Le groupe Facebook «Examen du ministère 2019», qui se voulait une plateforme pour s’échanger des astuces et des notes au départ, s’est vite transformé en page de mobilisation pour la lutte aux changements climatiques. Plus de 36 000 personnes se sont jointes au groupe depuis sa création. 

Dans le groupe, les élèves parlent d’organiser des manifestations, de signer des pétitions, de créer des pages politiques sur les réseaux sociaux, de faire une collecte de déchets ou d’interpeller les députés de leur secteur. 


« Les mesures écrites comme des conseils dans notre cahier, le gouvernement ne les respecte pas »
Francis Larouche, élève de l’École secondaire des Pionniers à Trois-Rivières

Plusieurs ont aussi apposé un cercle vert à la suite de leur signature à la fin de leurs examens, le signe étant associé au mouvement contre les changements climatiques. À la suite de cette initiative, Francis Larouche et d’autres amis ont créé le groupe Le Cercle Vert — qui compte plus de 2500 personnes à ce jour —, qui se veut un groupe de mobilisation faisant honneur au symbole. 

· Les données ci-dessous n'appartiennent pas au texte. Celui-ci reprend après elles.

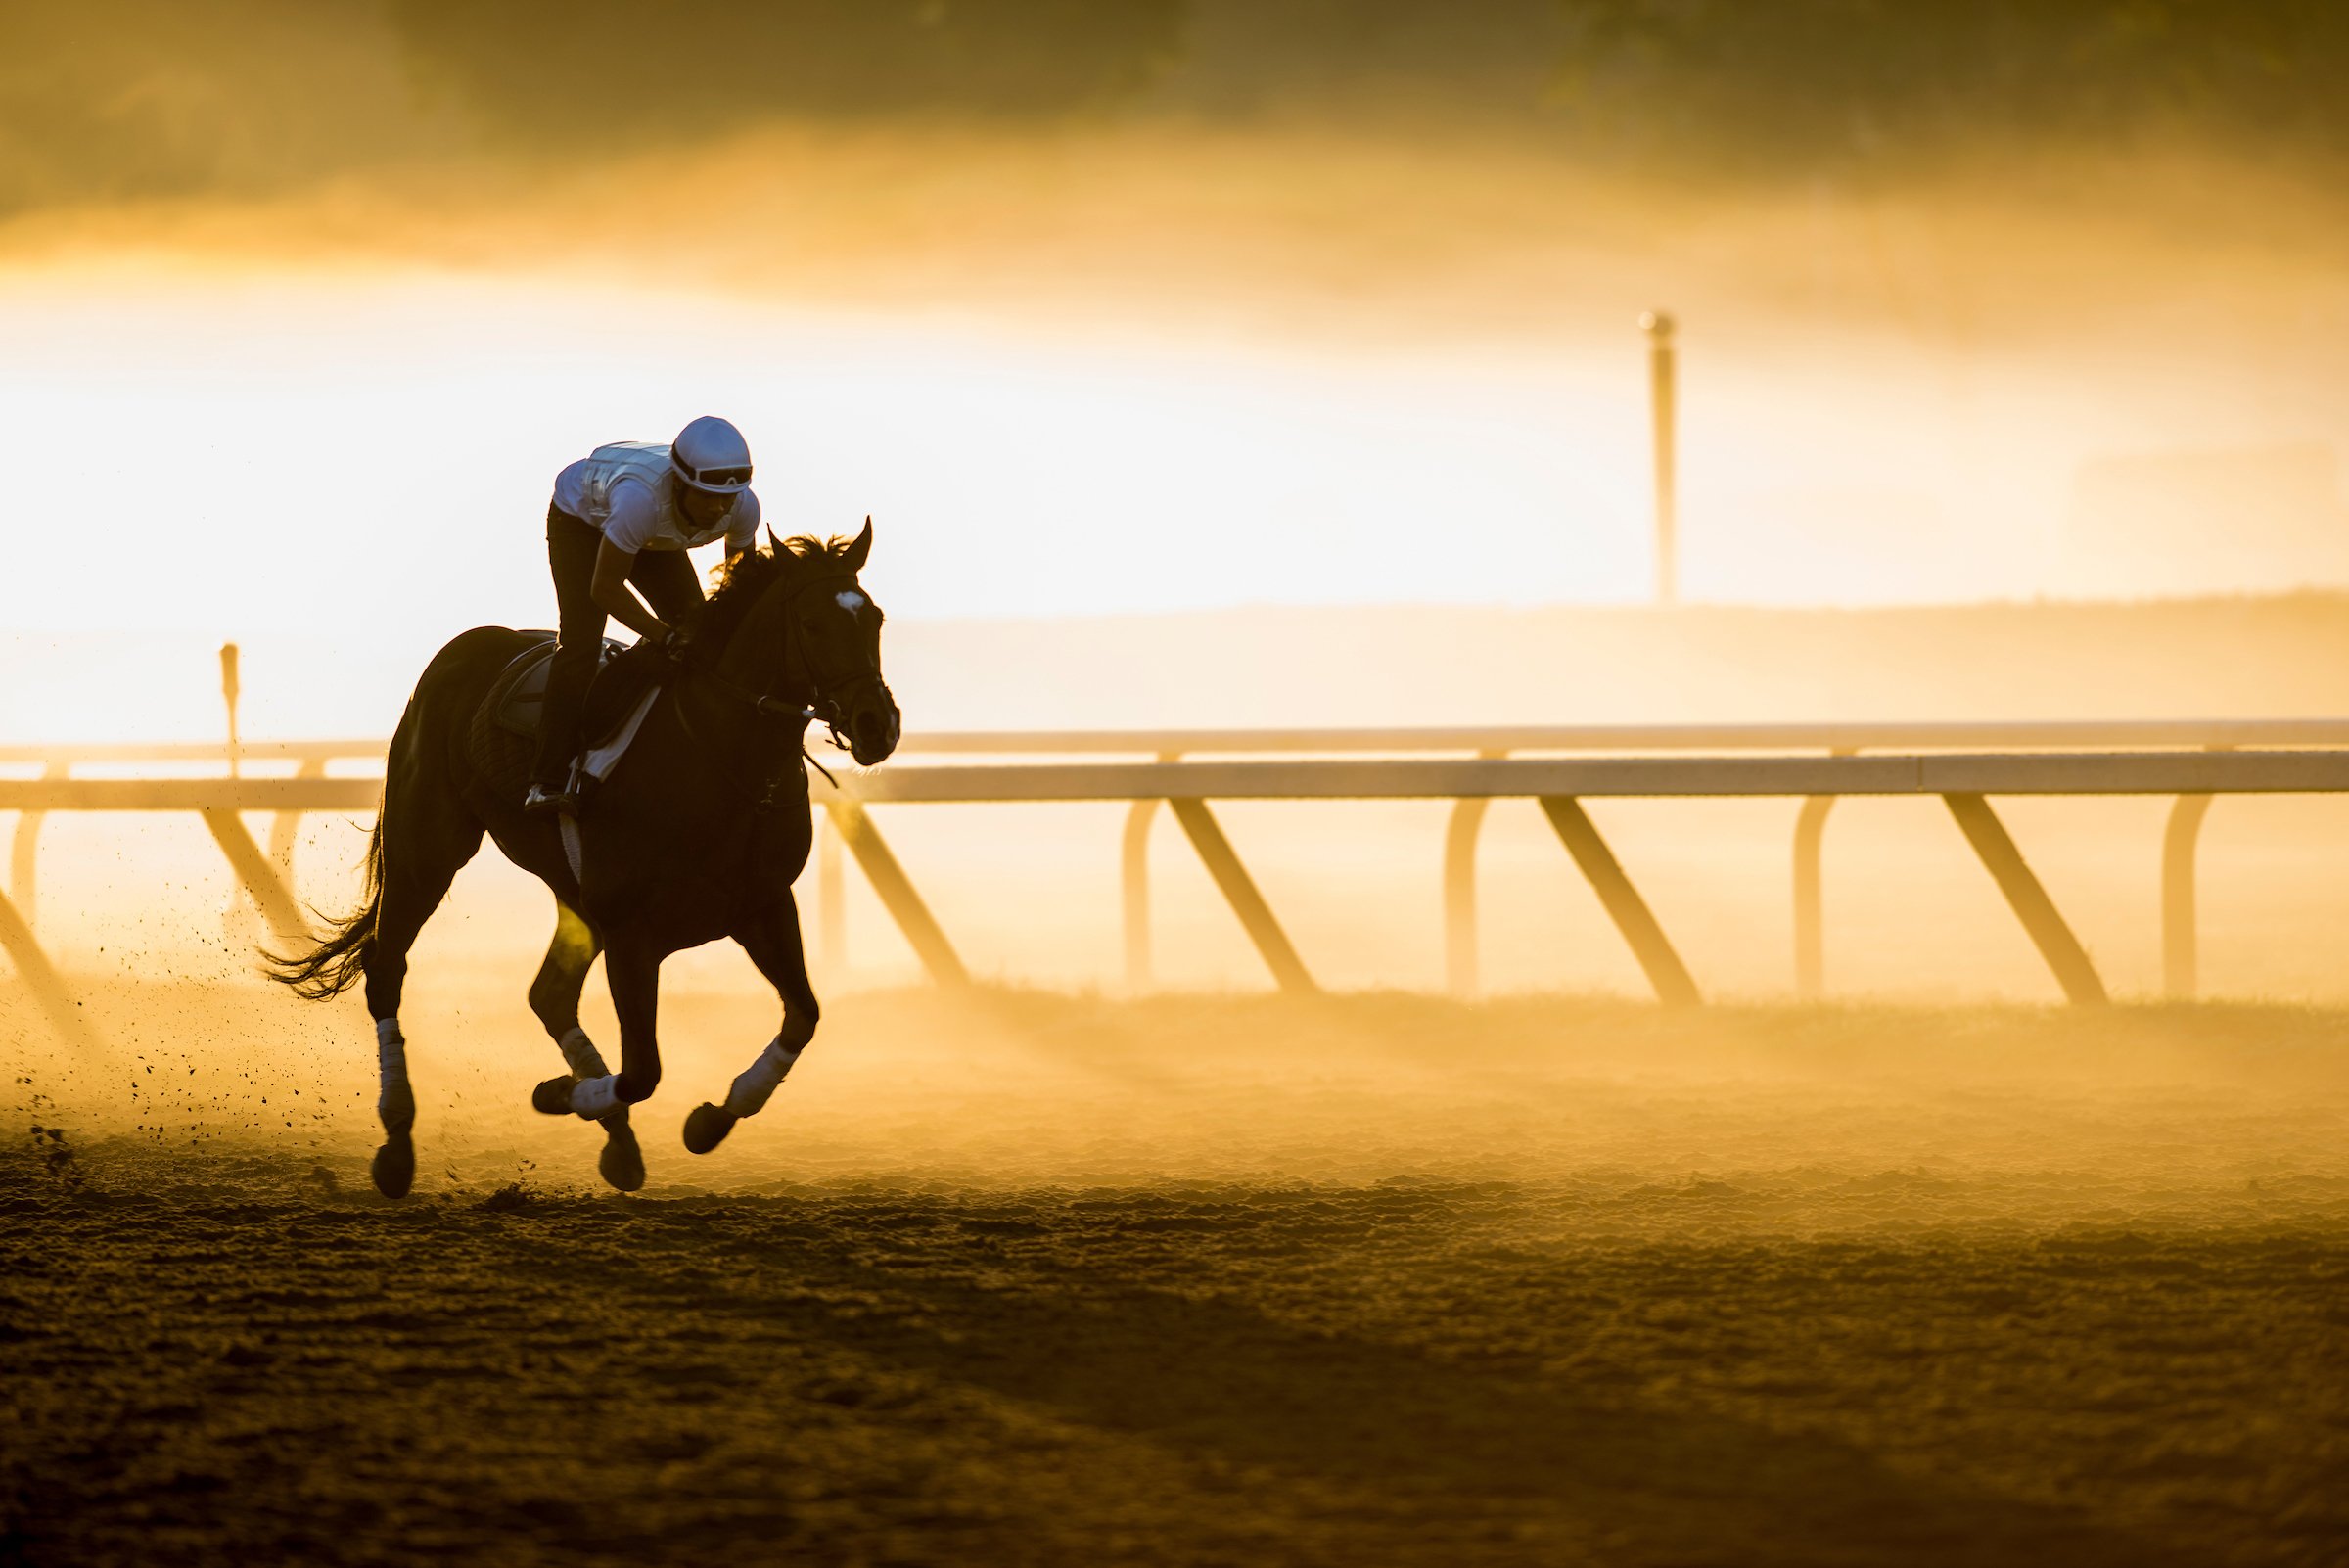 Early Morning workout at Saratoga Race Course, Capital-Saratoga Region , Capital-Saratoga Region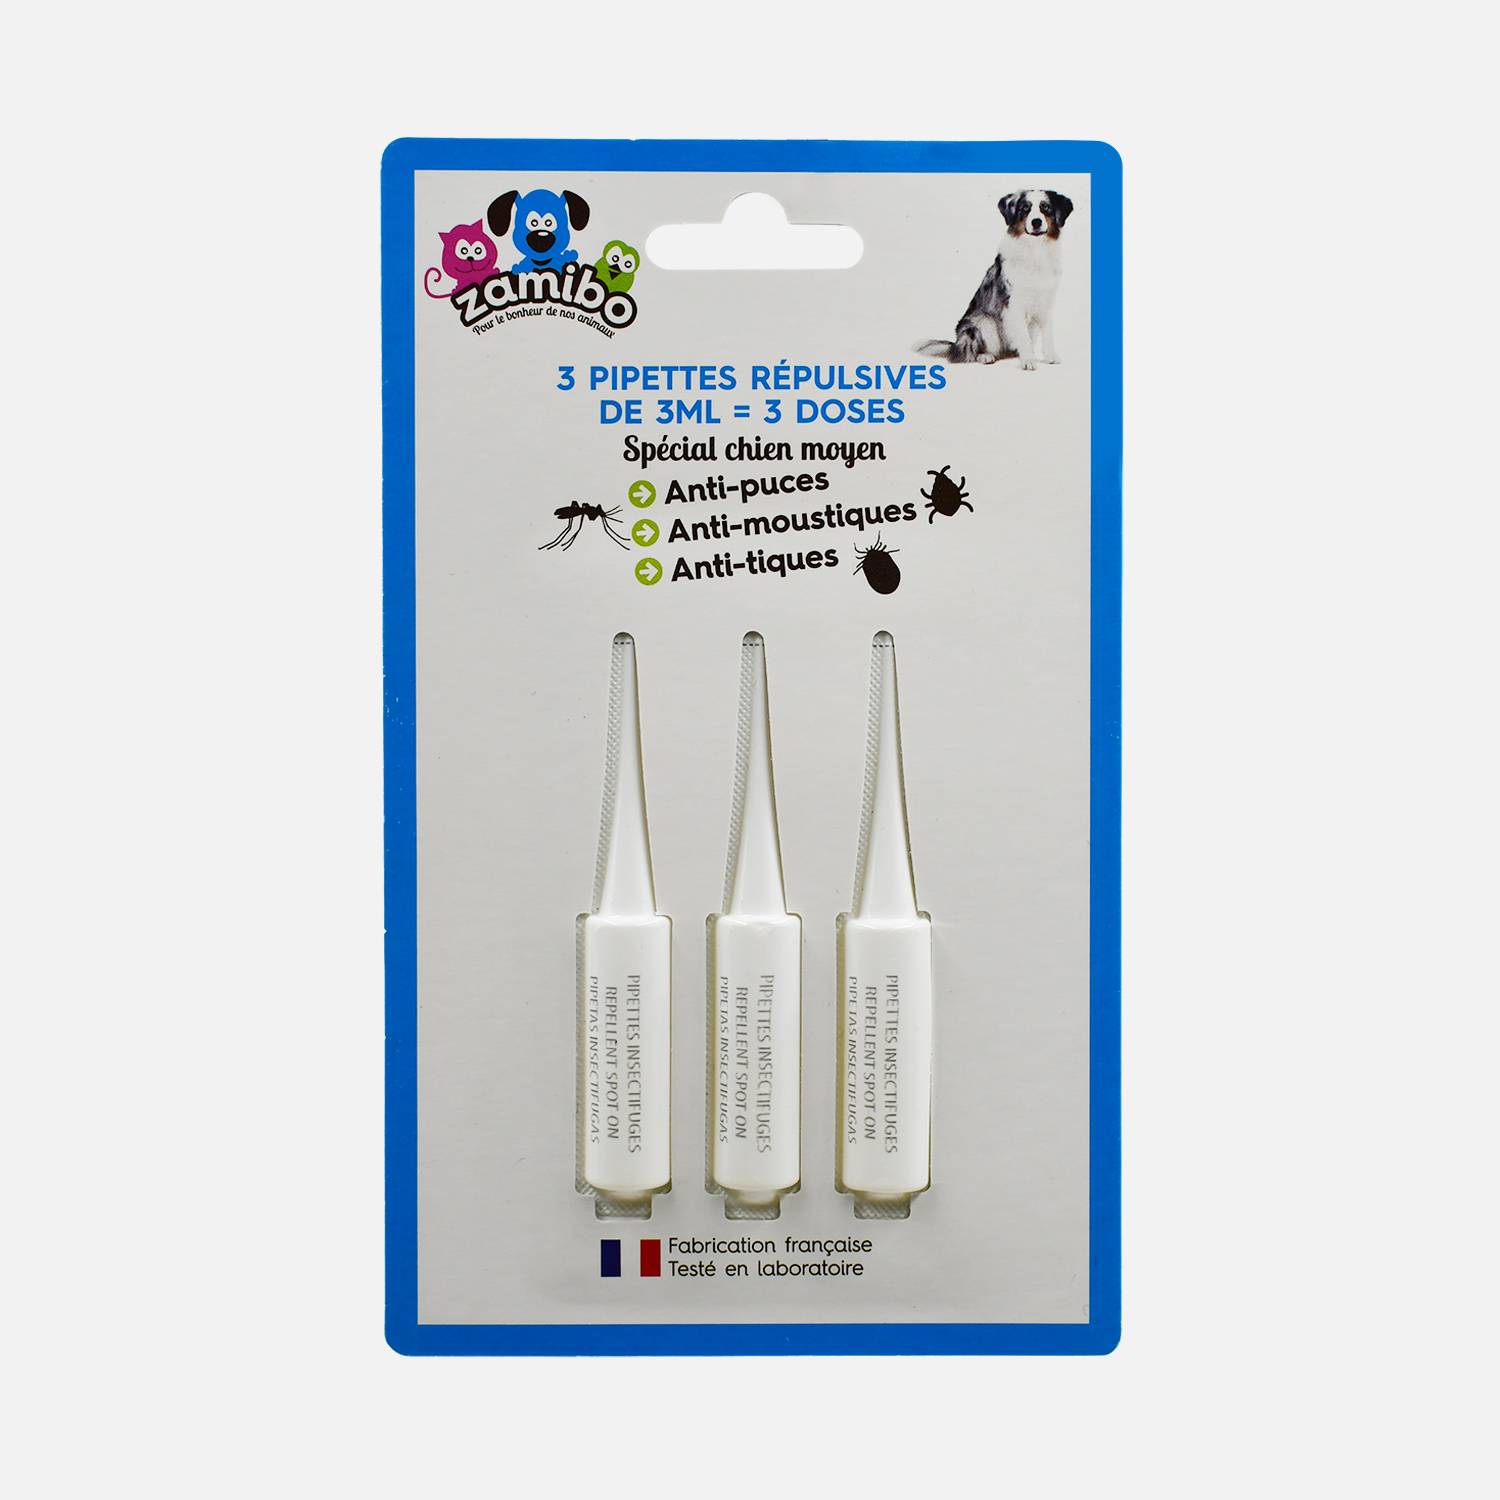 3 pipettes répulsives antiparasitaire pour chien moyen, made in France Photo1

«Le Cercle Vert, au départ, c’est un symbole porté par plusieurs écologistes, des personnes qui voulaient améliorer les conditions environnementales. On a créé le mouvement Le Cercle Vert à partir des membres du grand groupe Facebook. On voulait rassembler les personnes qui étaient intéressées par les changements environnementaux», poursuit l’élève. 

«Examen de conscience»

Par l’entremise d’une lettre envoyée par courriel à tous les députés, Le Cercle Vert demande au gouvernement de respecter à leur tour les consignes imposées par leur génération. Le groupe demande aux acteurs politiques d’argumenter sur la question «Peut-on réellement compter sur le gouvernement du Québec dans la lutte aux changements climatiques?» lors d’un «examen de conscience pour le gouvernement 2019». 

«On s’était préparés, on avait rédigé le courriel, on savait que les points verts à côté de nos noms ne changeraient pas tout. On s’attend à ce que les ministres et les autres députés en discutent ensemble. Ils vont pouvoir dire ce qu’ils en pensent. C’est sûr qu’on aimerait une réponse, mais, encore là, on ne pense pas que c’est un petit courriel qui va pouvoir changer la donne. On a d’autres choses de prévues, mais déjà il y a la Marche pour le climat [le 17 mai prochain à Québec] et il y a plusieurs personnes qui vont se rendre là-bas, autant des membres du Cercle Vert que du groupe Examen du ministère 2019», exprime Francis Larouche, âgé de 16 ans. 

Tous les politiciens du Québec ont reçu la lettre du groupe Le Cercle Vert, envoyée par une dizaine de membres.